5.4. Activation of effector cells
6. Medical applications
6.1. RHOGAM antibodies
7. Research applications
8. References

1. Immunoglobulin isotypes

1.1. Functions in proteins

In mammals there are five types of antibody: IgA, IgD, IgE, IgG, and IgM (where Ig stands for immunoglobulin). In addition, there are 4 IgG and 2 IgA subtypes present in humans.[1] These are classified according to differences in their heavy chain constant domains.[3] Each immunoglobulin class differs in its biological properties and locations, and has evolved to deal with different antigens.[6]

• IgA can be found in areas containing mucus (e.g. in the gut, in the respiratory tract or in the urogenital tract) and prevents the colonization of mucosal areas by pathogens.[7]

• IgD functions mainly as an antigen receptor on B cells.[8]

• IgE binds to allergens and triggers histamine release from mast cells (the underlying mechanism of allergy) and also provides protection against parasitic worms.[2]

• IgG (in its four forms) provides the majority of antibody-based immunity against invading pathogens.[2]

• IgM is expressed on the surface of B cells and also in a secreted form with very high affinity for eliminating pathogens in the early stages of B cell mediated immunity (i.e. before there is sufficient IgG to do the job).[2][8]

Immature B cells express only IgM on their cell surface (this is the surface bound form, not the secreted form of immunoglobulin).
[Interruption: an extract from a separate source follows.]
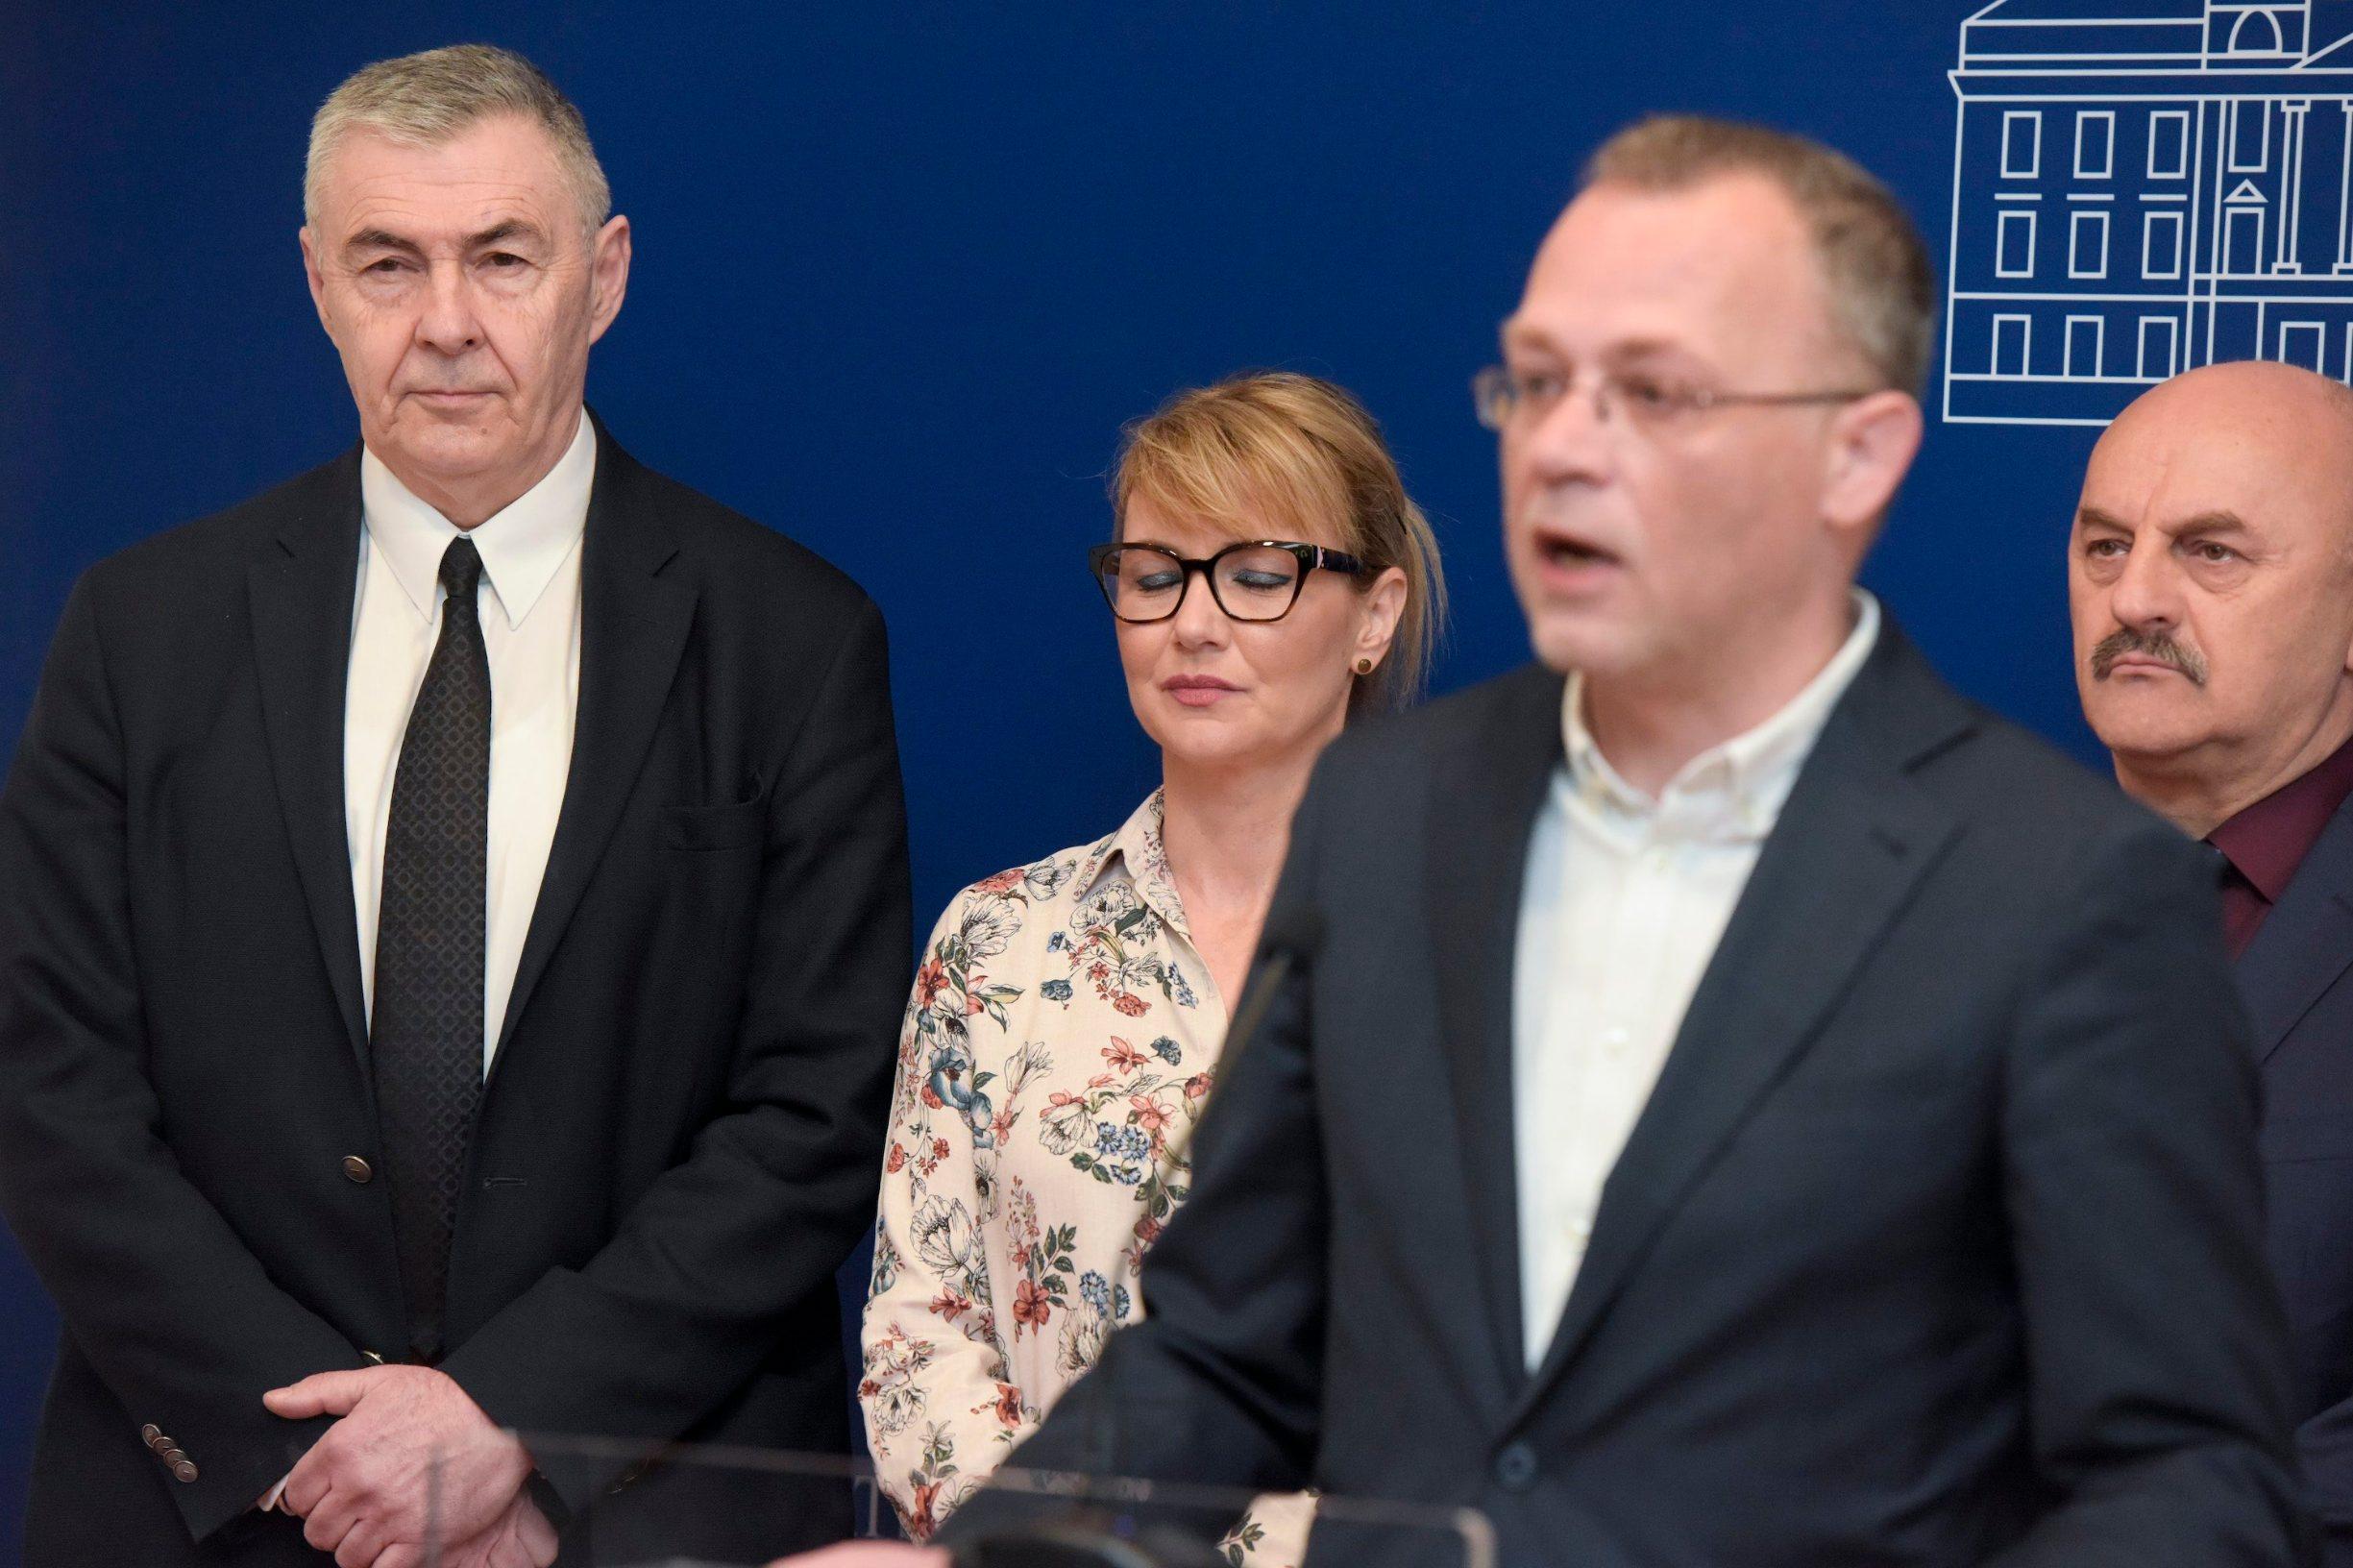 Željko Glasnović, Bruna Esih, Karlo Starčević, Zlatko Hasanbegović

Once the naive B cell reaches maturity, it can express both IgM and IgD on its surface – it is the co-expression of both these immunoglobulin isotypes that renders the B cell ‘mature’ and ready to respond to antigen.[9] Following engagement of the immunoglobulin molecule with an antigen, the B cell activates, and begins to divide and differentiate into an antibody producing cell (sometimes called a plasma cell). In this activated form, the B cell produces immunoglobulin in a secreted form rather than a membrane-bound form. Some of the daughter cells of the activated B cells undergo isotype switching, a mechanism by which the B cell begins to express the other Ig heavy chains and thus produce the IgD, IgA or (more commonly) IgG antibody isotypes.[10]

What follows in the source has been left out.